On the other hand, a normal response was exhibited during high-speed modulation. That is, the rise is 2 ns (nanosecond) or less, 8
References: S. Nakamura and G. Fasol: The Blue Laser Diode,
As described in Springer-Verlag, Berlin, 1997, p.252, the delay time shows a characteristic determined by the threshold current, the bias current, and the carrier lifetime (reference: R. N.
agarajan and JE Bowers: Semiconductor Lasers I,
Fundamentals, Academic Press, San Diego, 1999, p.
267), it was confirmed that high-speed modulation on the order of ns was possible.

Accordingly, for example, in a cancer screening application using fluorescence in an endoscope, which will be described later, when a GaN-based semiconductor laser as an excitation light source is pulse-driven in accordance with a video signal, a bias current having a considerable value is applied. Required. Then, the threshold current is about 0.5 to 1 mW.
Even when the L light is not irradiated with the pulse excitation light, it acts as background light, which hinders sample observation and the like.

On the other hand, when an image is formed by exposing a photosensitive material with pulse-modulated light, a DC bias is applied.
Since the photosensitive material is exposed by the EL light, the minimum exposure amount increases. Since the maximum exposure amount has an upper limit depending on the maximum value of the laser output, when the minimum exposure amount is large, the contrast is reduced, which causes a problem.

In various other applications, EL light generated by a GaN-based semiconductor laser by a bias current when pulse light is not generated often causes a problem as unnecessary light.

[0012]

SUMMARY OF THE INVENTION The present invention relates to the GaN described above.
It is made in view of the circumstances peculiar to semiconductor lasers. When driving a GaN semiconductor laser with a pulse current, the pulse response is kept good, while the original drive pulse current is applied. It is an object of the present invention to provide a method and an apparatus for driving a GaN-based semiconductor laser, which can reduce EL light generated by a bias current during a period when there is no current.

[0013]

A method of driving a GaN-based semiconductor laser according to the present invention is characterized in that, when a GaN-based semiconductor laser is driven by a pulse current, at least a time from a time before a rising time of the pulse current to a time of a falling time. A pulse-like bias current which continues until the pulse is applied to the semiconductor laser in synchronization with the pulse current.

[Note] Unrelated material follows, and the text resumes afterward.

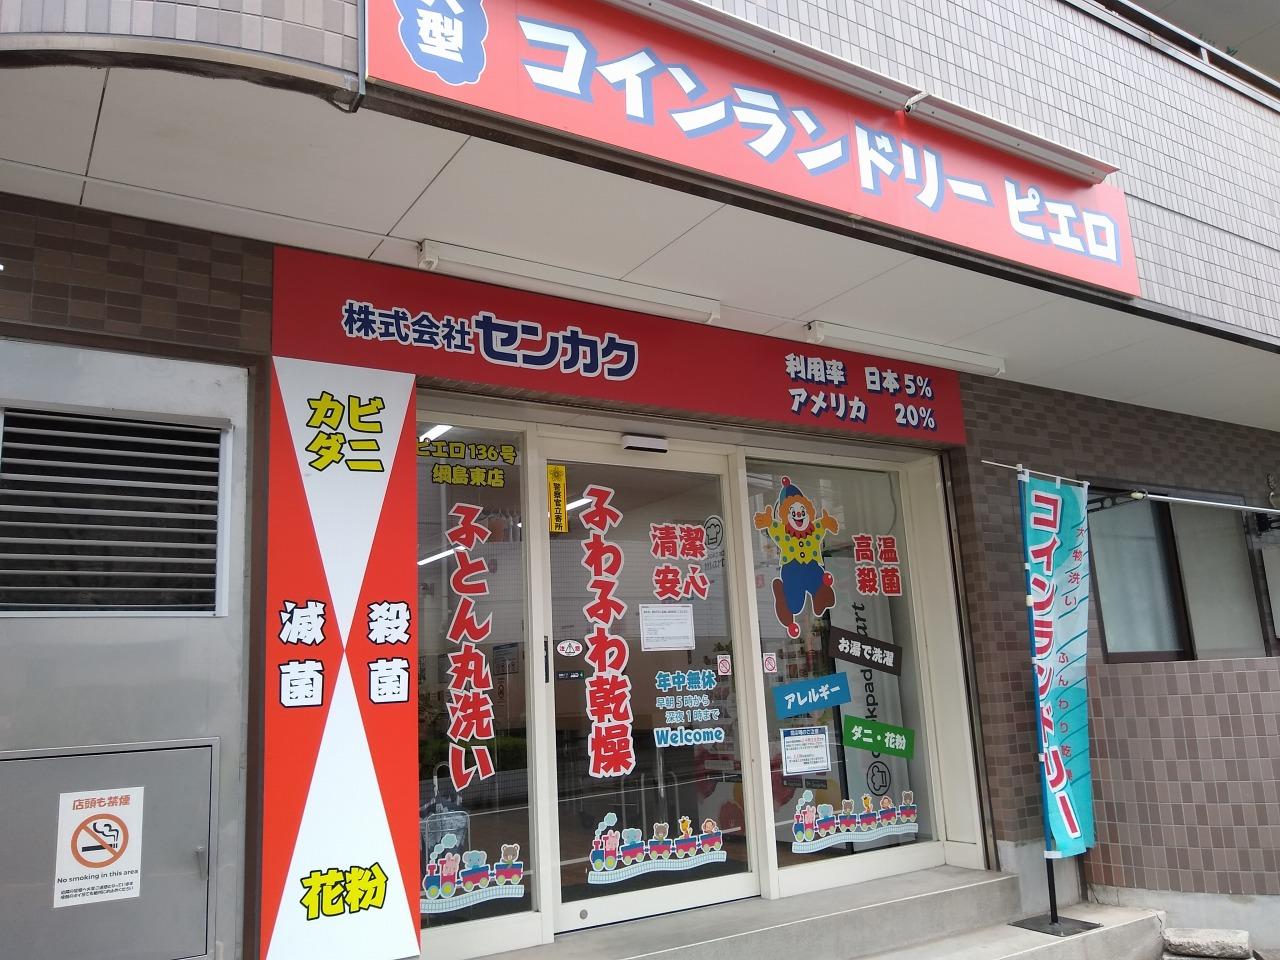 クックパッドマート受け取り場所@横浜綱島

Preferably, the pulsed bias current is a rectangular wave, a triangular wave or a sine wave.

The method of driving a GaN-based semiconductor laser according to the present invention is preferably used when the pulse current for driving the GaN-based semiconductor laser is subjected to modulation such as pulse intensity modulation, pulse width modulation, and pulse phase modulation. It is.

On the other hand, a driving apparatus for a GaN-based semiconductor laser according to the present invention is characterized in that it has a configuration for driving a GaN-based semiconductor laser by the driving method of the present invention described above.

[0017]

According to the method of driving a GaN-based semiconductor laser according to the present invention, the bias current applied to the GaN-based semiconductor laser is pulse-shaped, so that the method is different from the conventional method.
The duty ratio of the bias current is lower than when a DC bias current is applied. This makes it possible to reduce EL light generated by the bias current during a period in which the original driving pulse current is not applied.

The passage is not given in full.